Абстрактный человек | страница 88
— Почему?
— Вы хотите проникнуть за тайну, за страшную тайну, вам это просто интересно, а им, им это просто очень нужно, нужно для них, для того, чтобы новая, такая хрупкая еще, такая еще прекрасная жизнь не ускользнула от них, для того, чтобы они могли наложить на нее свои тяжелые руки. Всегда рождается новая жизнь, всегда рождается новая надежда, она как ребенок, но всегда находятся такие люди, которые низводят ее до себя. Низведение страшно. Они низведут. Не делитесь с ними своими открытиями. Обещайте?! Оставьте все, что случится с вами, в своей душе, они все равно не поймут этого. И они поскользнутся. Они останутся с носом. И смотрите в оба, чтобы они не убили вас, смотрите. Обязательно смотрите, — сказал незнакомец.

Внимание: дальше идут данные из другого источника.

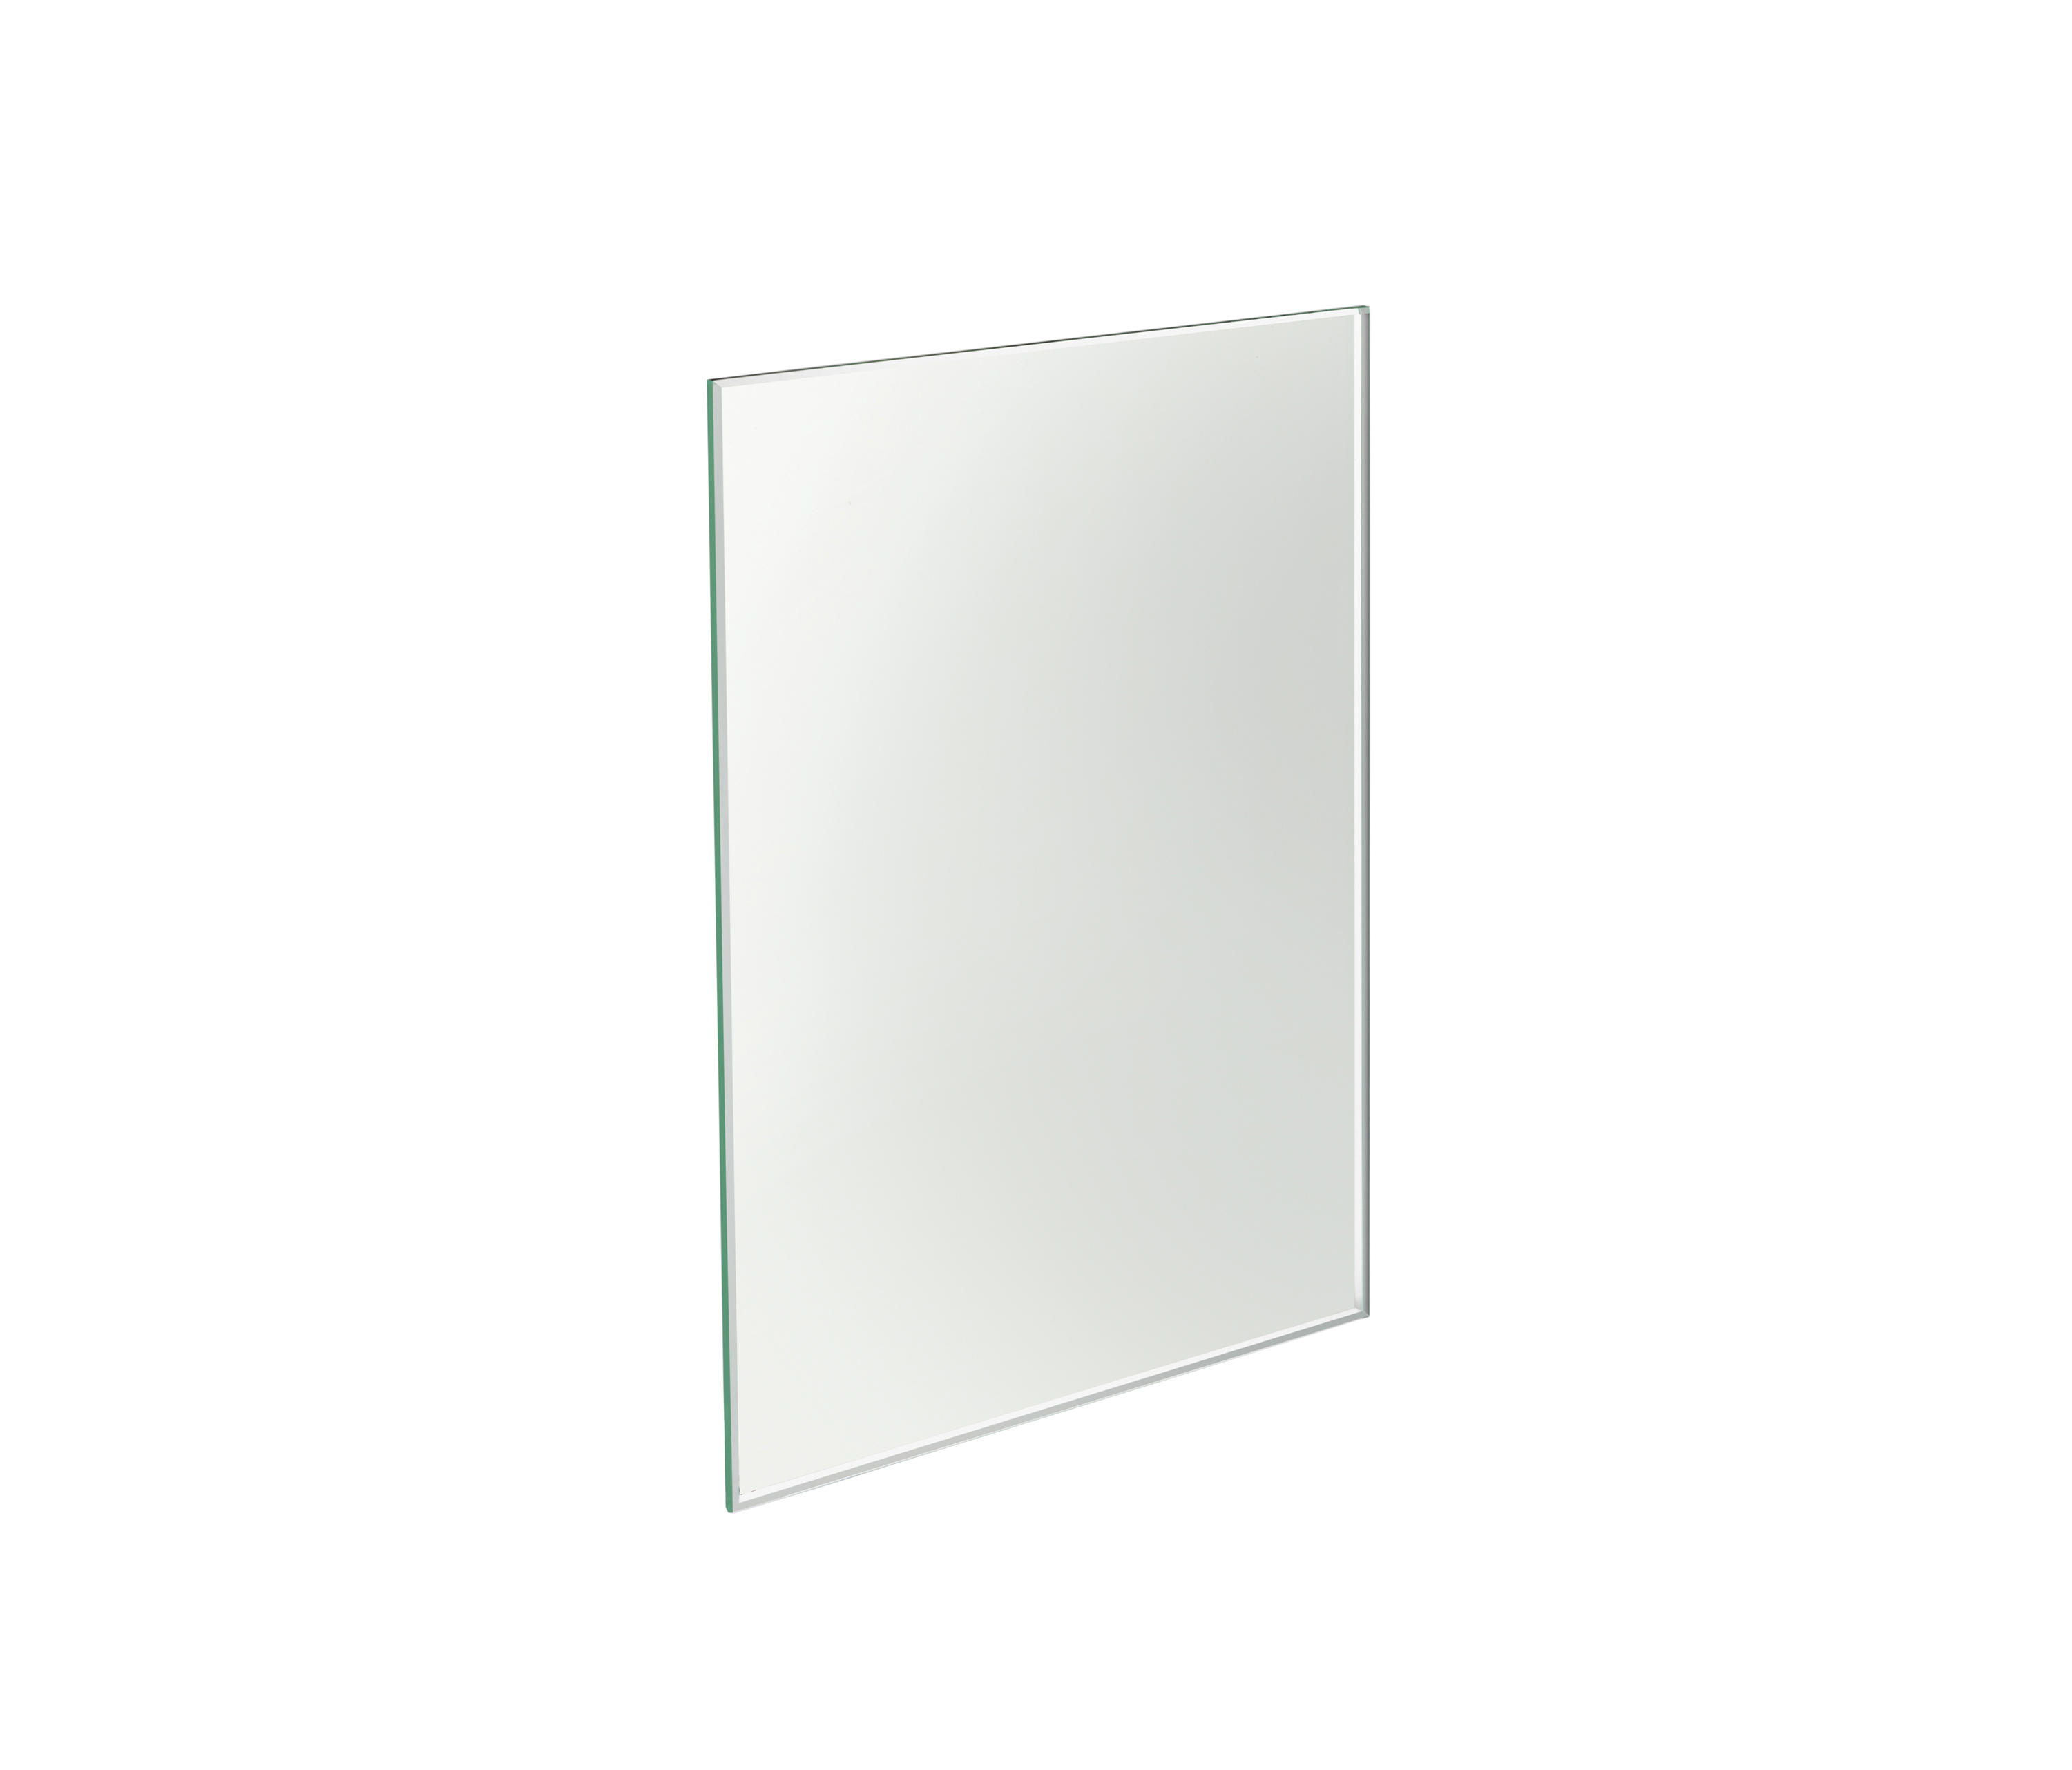 MIRAGE MIRROR - Mirrors from Pomd’Or | Architonic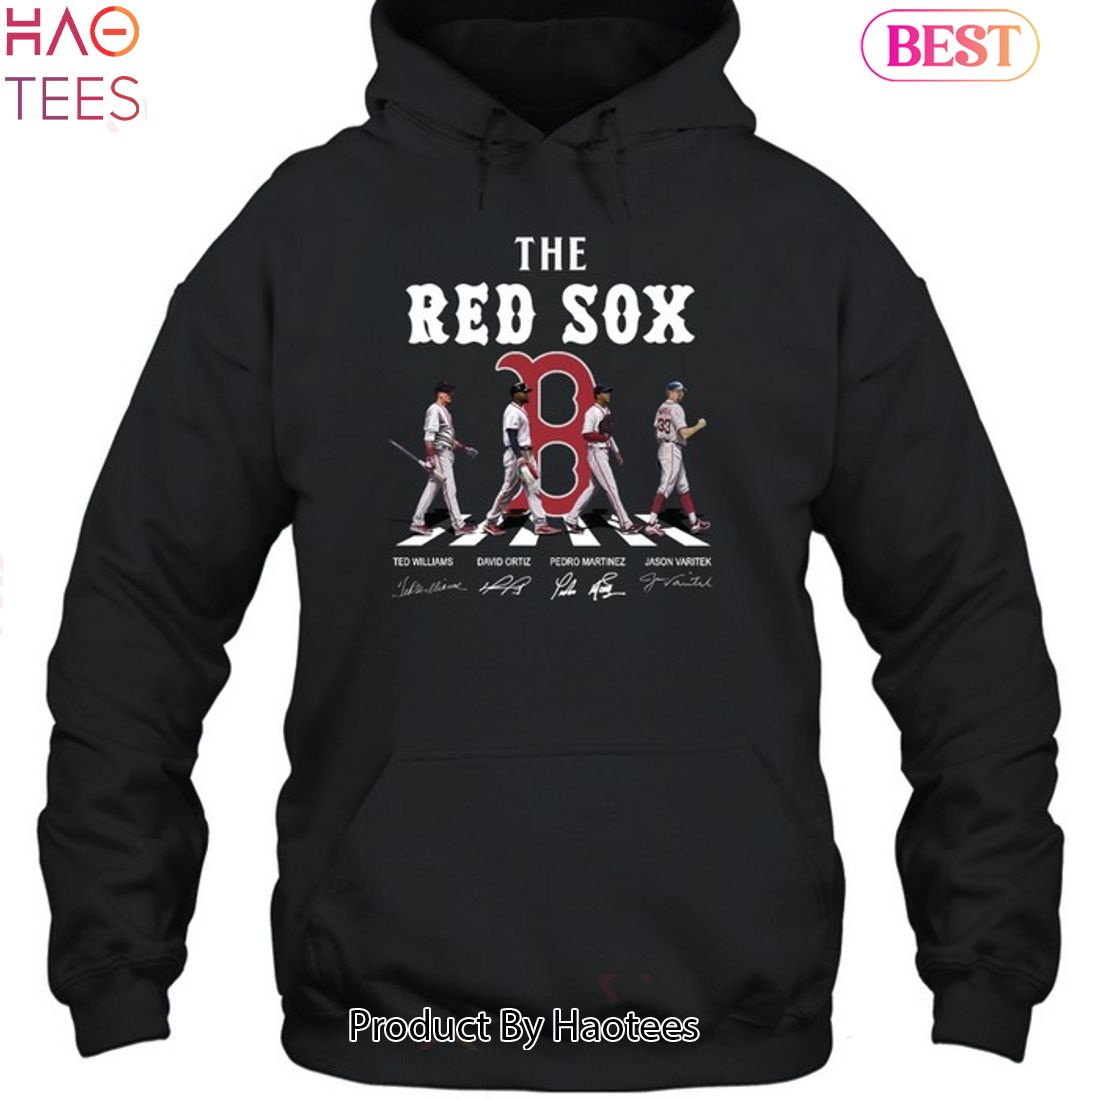 The Boston Red Sox Legend Unisex T-Shirt Limited Edition

Он медленно поднялся и встал.
Шарф наполовину упал с его лица.
Владимиру Глебовичу это лицо показалось до странности знакомым, только он не мог понять, где он видел его. Будто он знал этого человека и видел его совершенно недавно.
Фигура исчезла так же, как и появилась.
Внезапно. Она пропала в черноте холодной зимней ночи.
Знакомое. Что-то страшно знакомое было в ней. Это холодное, малоподвижное лицо. Этот нос с горбинкой. Эти глаза. Бесцветные, но жгучие своим полубезумным взглядом.
Впрочем, тогда взгляда не было.
Ах, не было?
Вот оно что.
Не было.
А было?
Статуи, статуи, сотни холодных, величественных мертвых. Убитых. Статуй. Статуи — это уже почти мертвецы, особенно если в них нет искусства.
Искусства точно нет.
И жизни нет.
Вот как рассуждает наш герой.
И в Болдине нет ее. Есть уже некоторая помертвелость. И коньяк не поможет Болдину. И он — статуя.
И вот, о ужас! Майков зримо представил, как эти статуи оживают и движутся, движутся, медленно переставляя ноги. Шаг, еще шаг. Вот их лица, одинаковые и мертвые.
Такие уже знакомые.
И купола, и церкви, как птицы, упавшие с неба.
И серые небеса, и бескрайнее плоское, придавленное озеро.
Придавленность.
Это слово выплыло откуда-то из небытия.
Именно она.
И незнакомое-знакомое лицо незнакомца.
— Ты знаешь, кто это был? — спросил Майков.
— Нет.
— Петр Петрович Петров.
Вот те и раз, вот те и возвращение к прошлому.
Невольное.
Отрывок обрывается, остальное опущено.